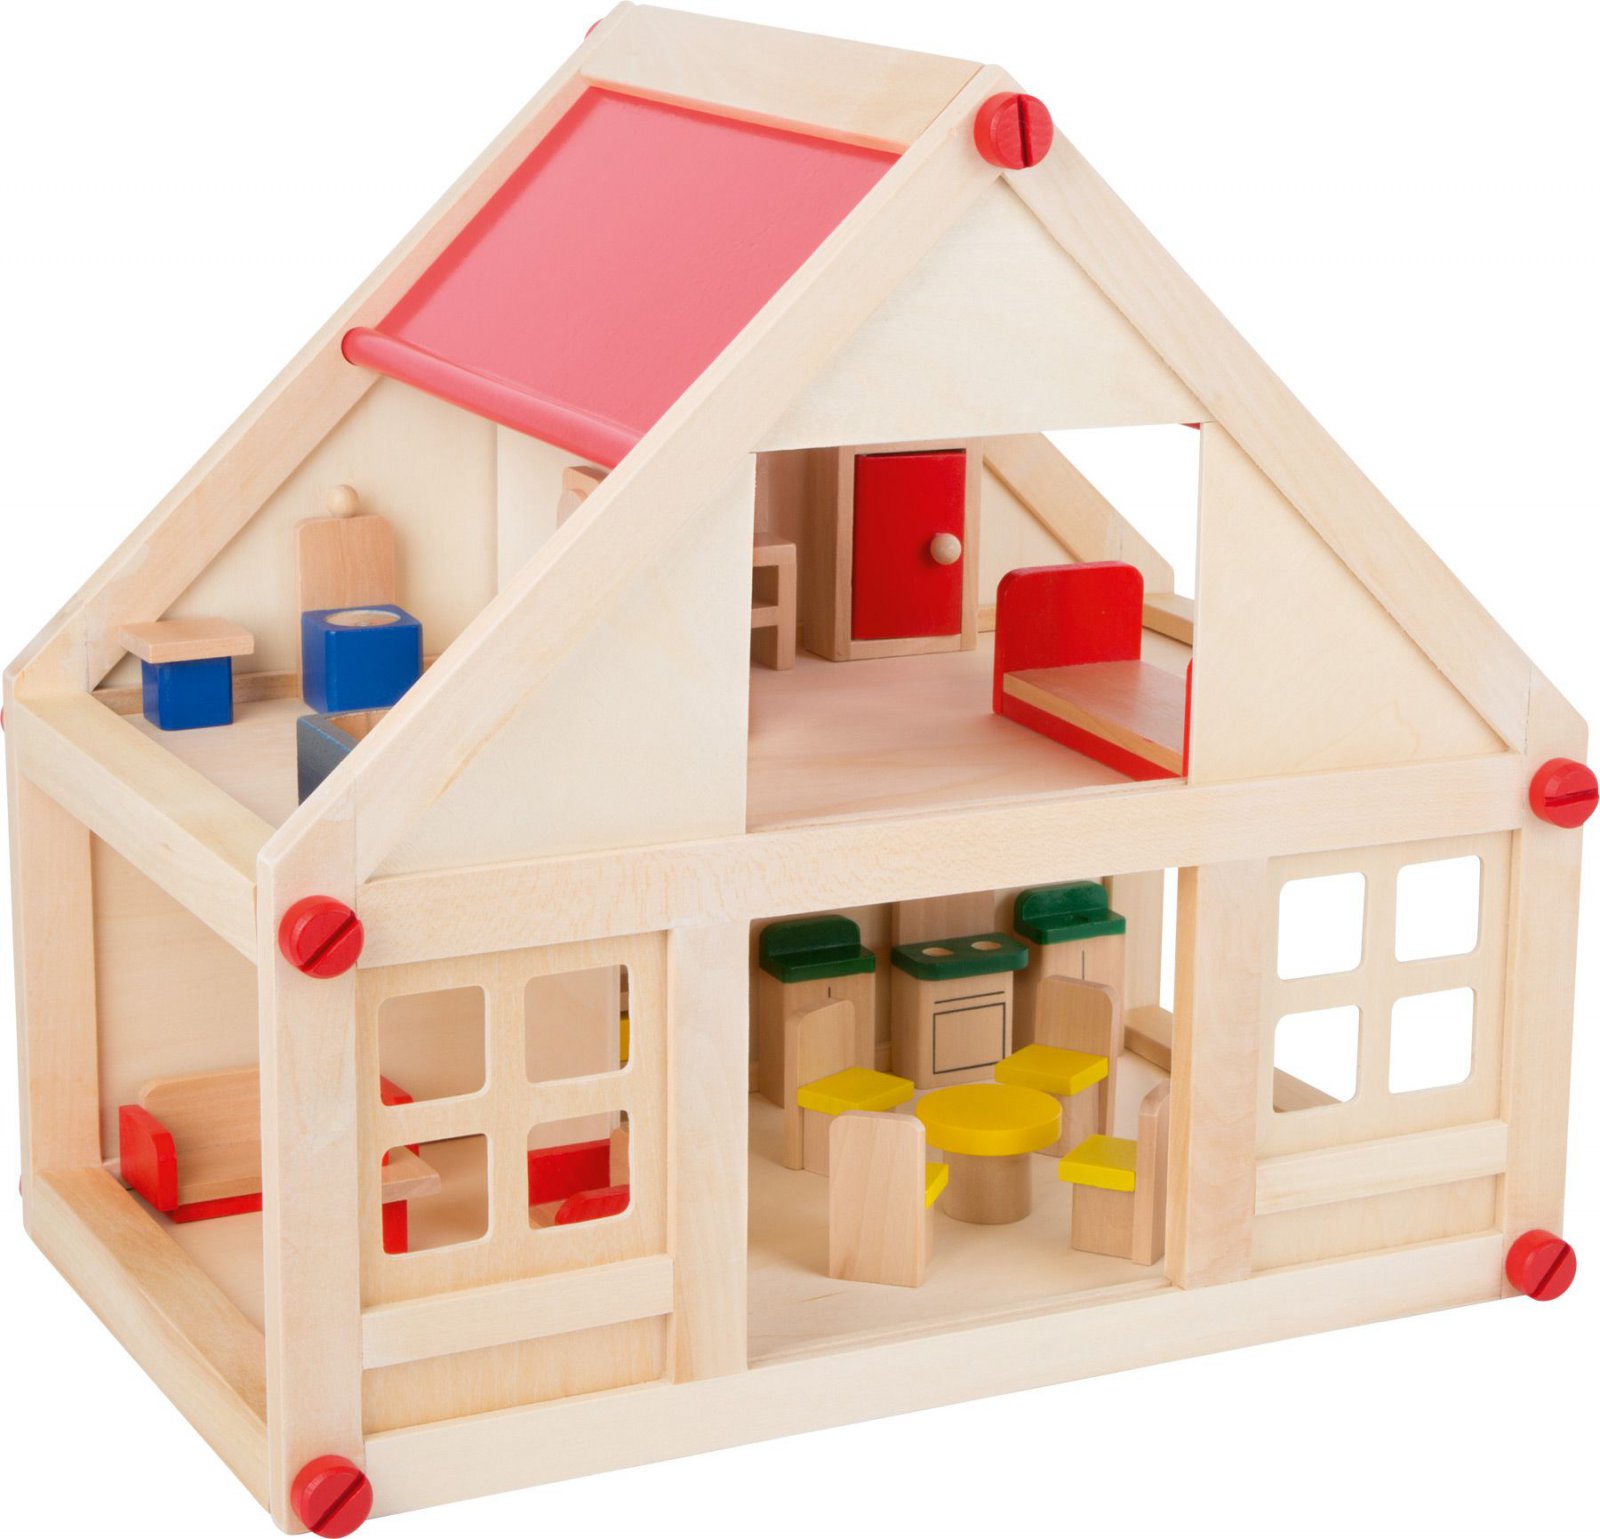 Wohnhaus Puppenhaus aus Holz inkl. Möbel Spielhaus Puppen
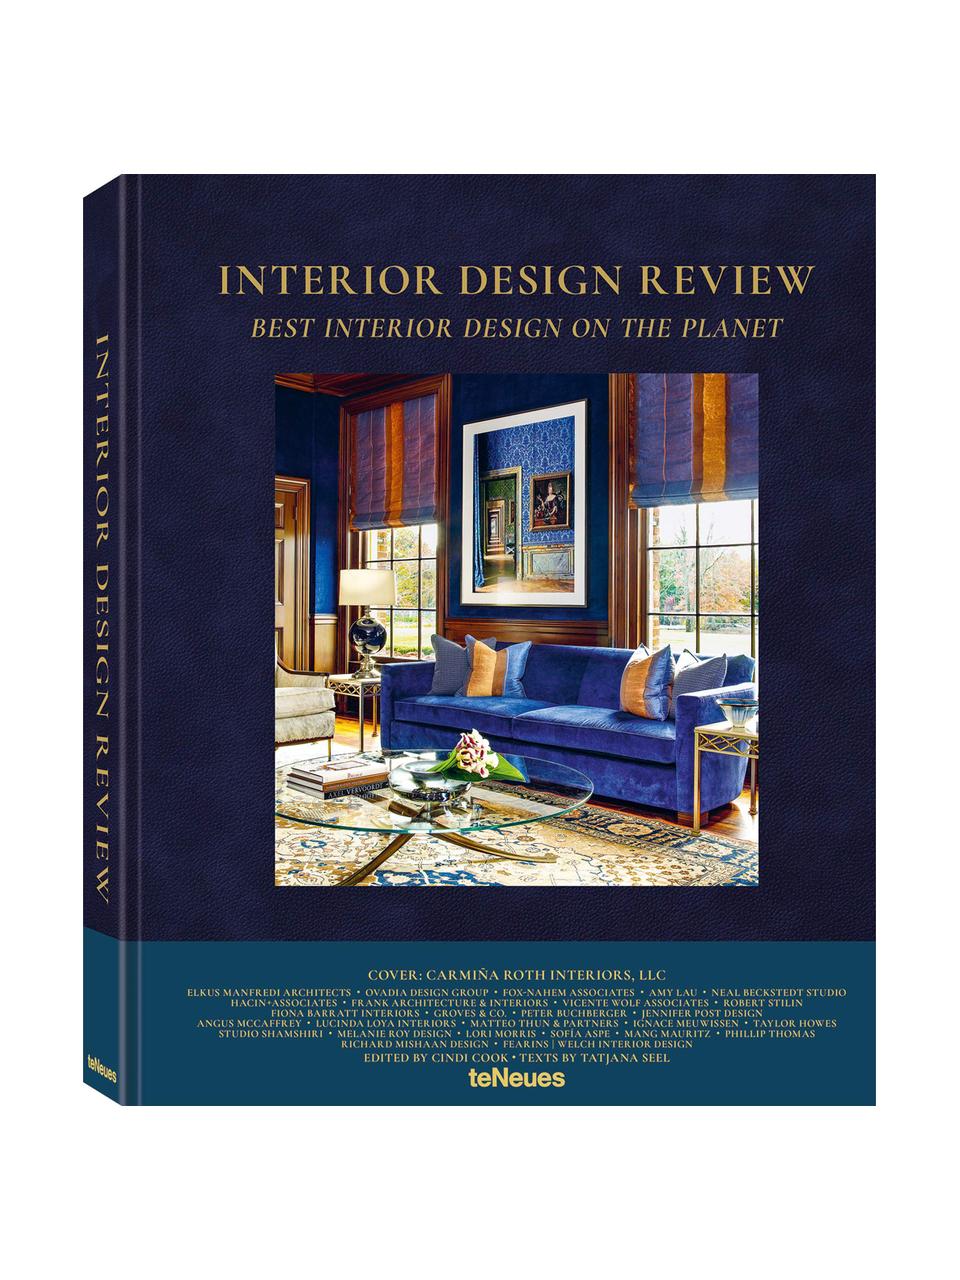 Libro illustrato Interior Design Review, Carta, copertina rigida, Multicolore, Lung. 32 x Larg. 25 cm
---
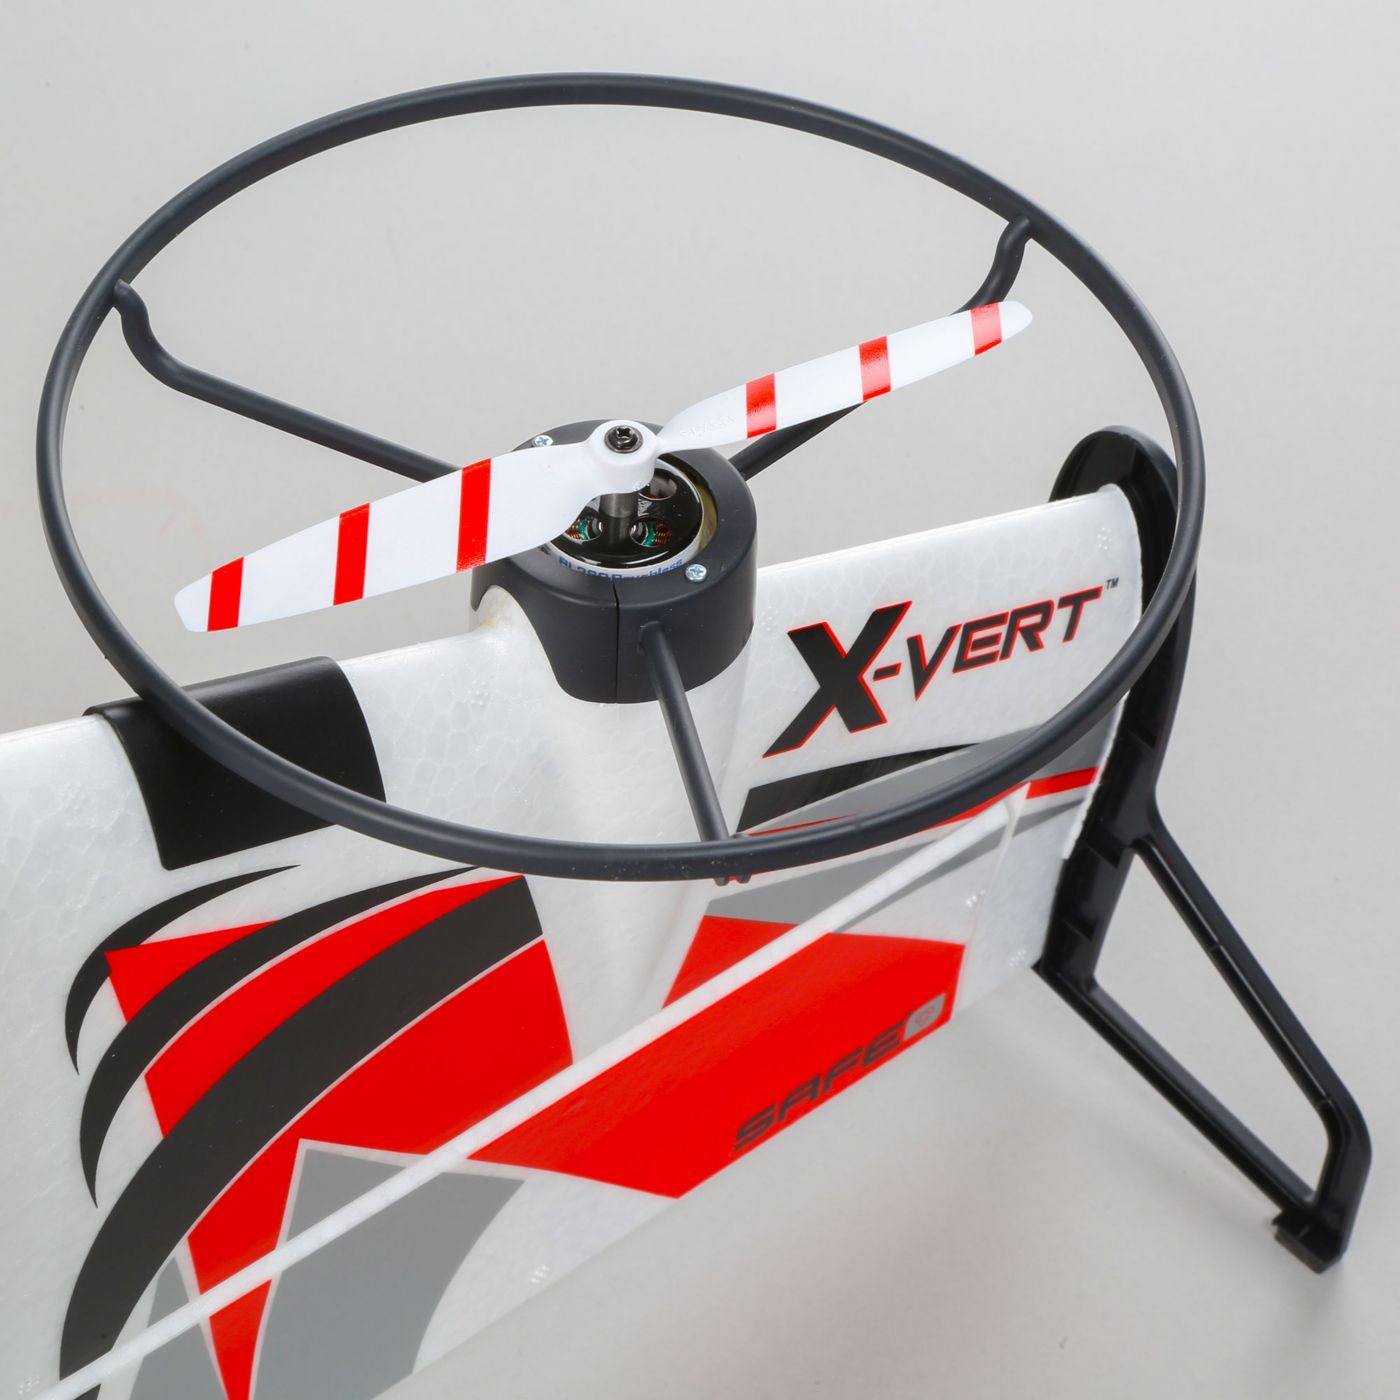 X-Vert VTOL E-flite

**HOW TO COMPLETE THIS TASK**:
Nothing but the lines above from the one that has "Wohnhaus Puppenhaus aus" down to the one that has "Libro illustrato Interior" belongs in the answer, copied exactly, without pictures.

**TASK OUTPUT**:
 Wohnhaus Puppenhaus aus Holz inkl. Möbel Spielhaus Puppen
 Libro illustrato Interior Design Review, Carta, copertina rigida, Multicolore, Lung. 32 x Larg. 25 cm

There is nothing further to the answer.